*** Record set ***
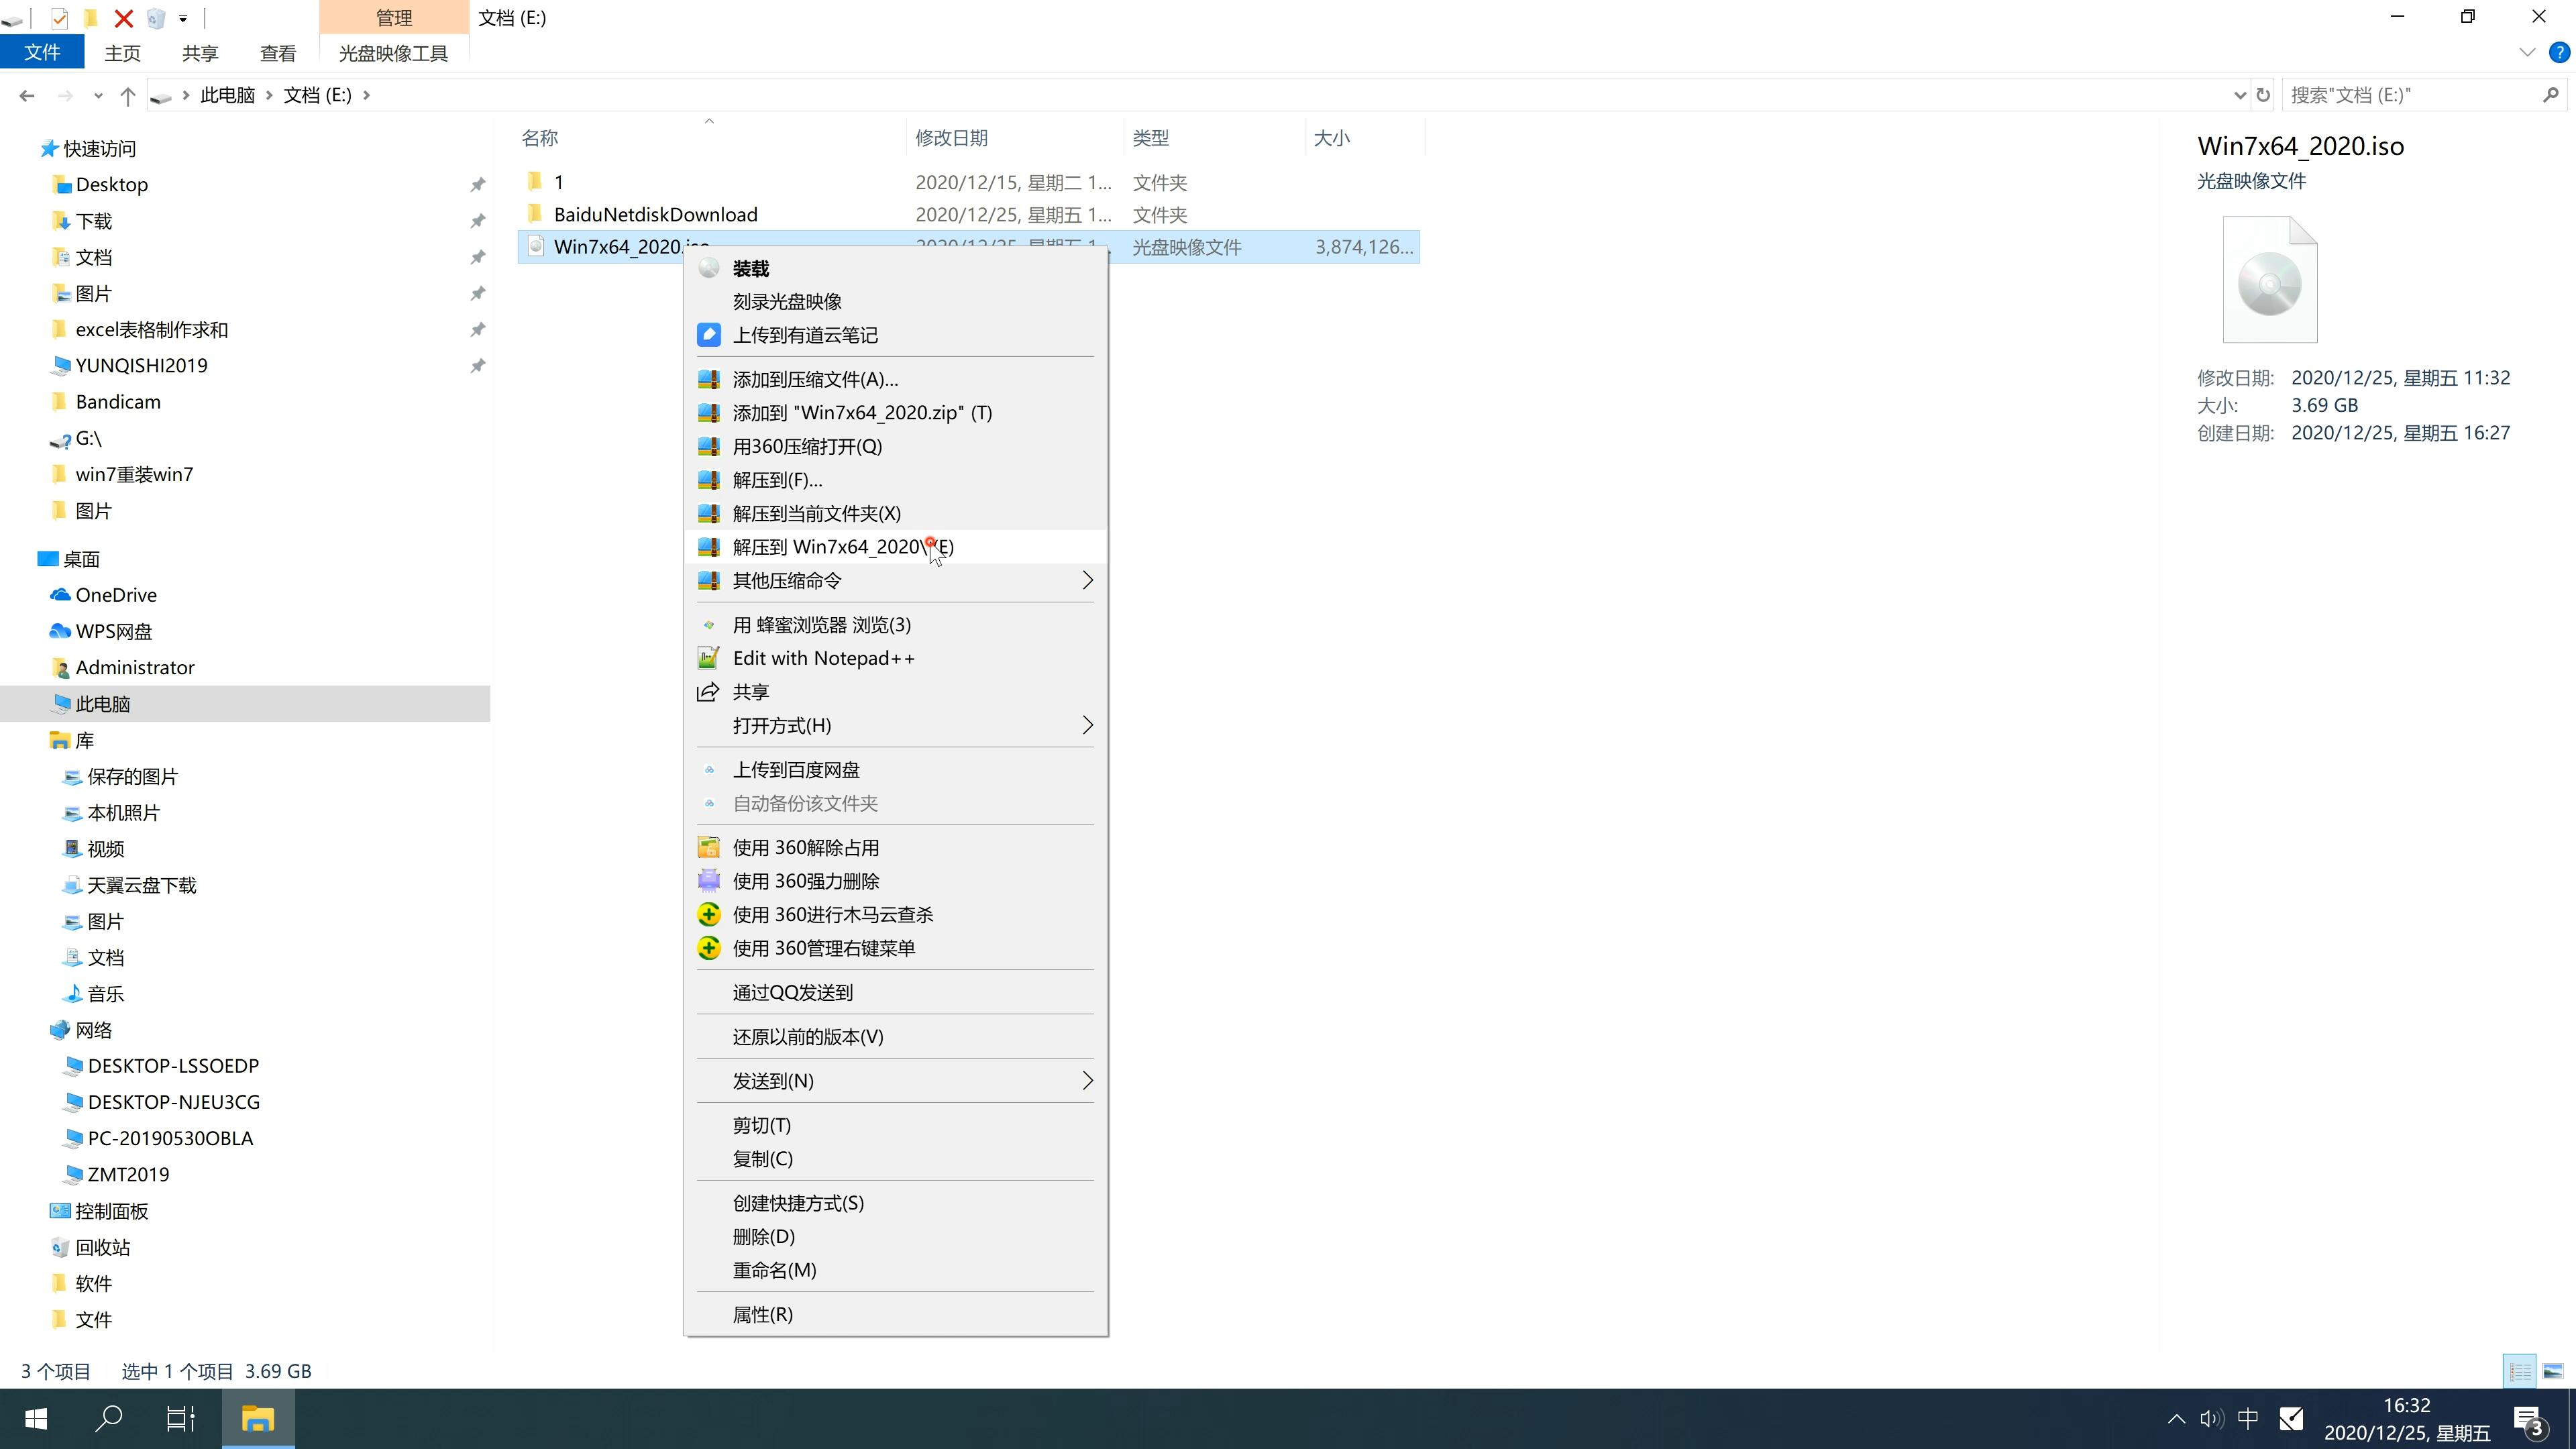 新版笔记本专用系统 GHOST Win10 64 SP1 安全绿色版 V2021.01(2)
*** End of Record set ***
*** Record set ***
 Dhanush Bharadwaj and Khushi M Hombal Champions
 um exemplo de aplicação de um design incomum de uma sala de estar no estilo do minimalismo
*** End of Record set ***
*** Record set ***
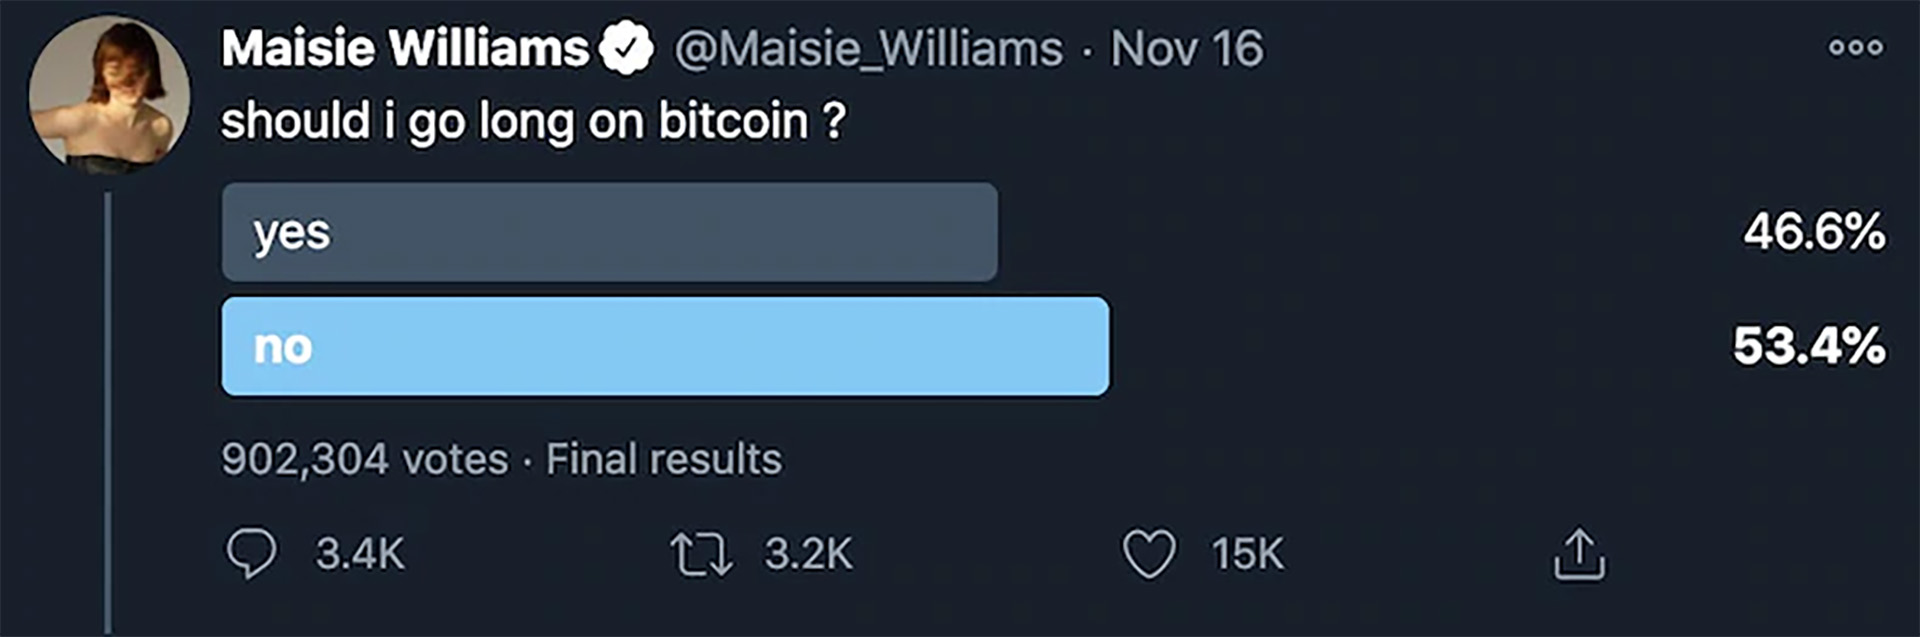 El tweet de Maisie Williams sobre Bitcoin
*** End of Record set ***
§ **Exercise**
Find "Dhanush Bharadwaj and" in the entries above and copy that whole line exactly, then each line after it through the line that contains "um exemplo de".

§ **Your response**
 Dhanush Bharadwaj and Khushi M Hombal Champions
 um exemplo de aplicação de um design incomum de uma sala de estar no estilo do minimalismo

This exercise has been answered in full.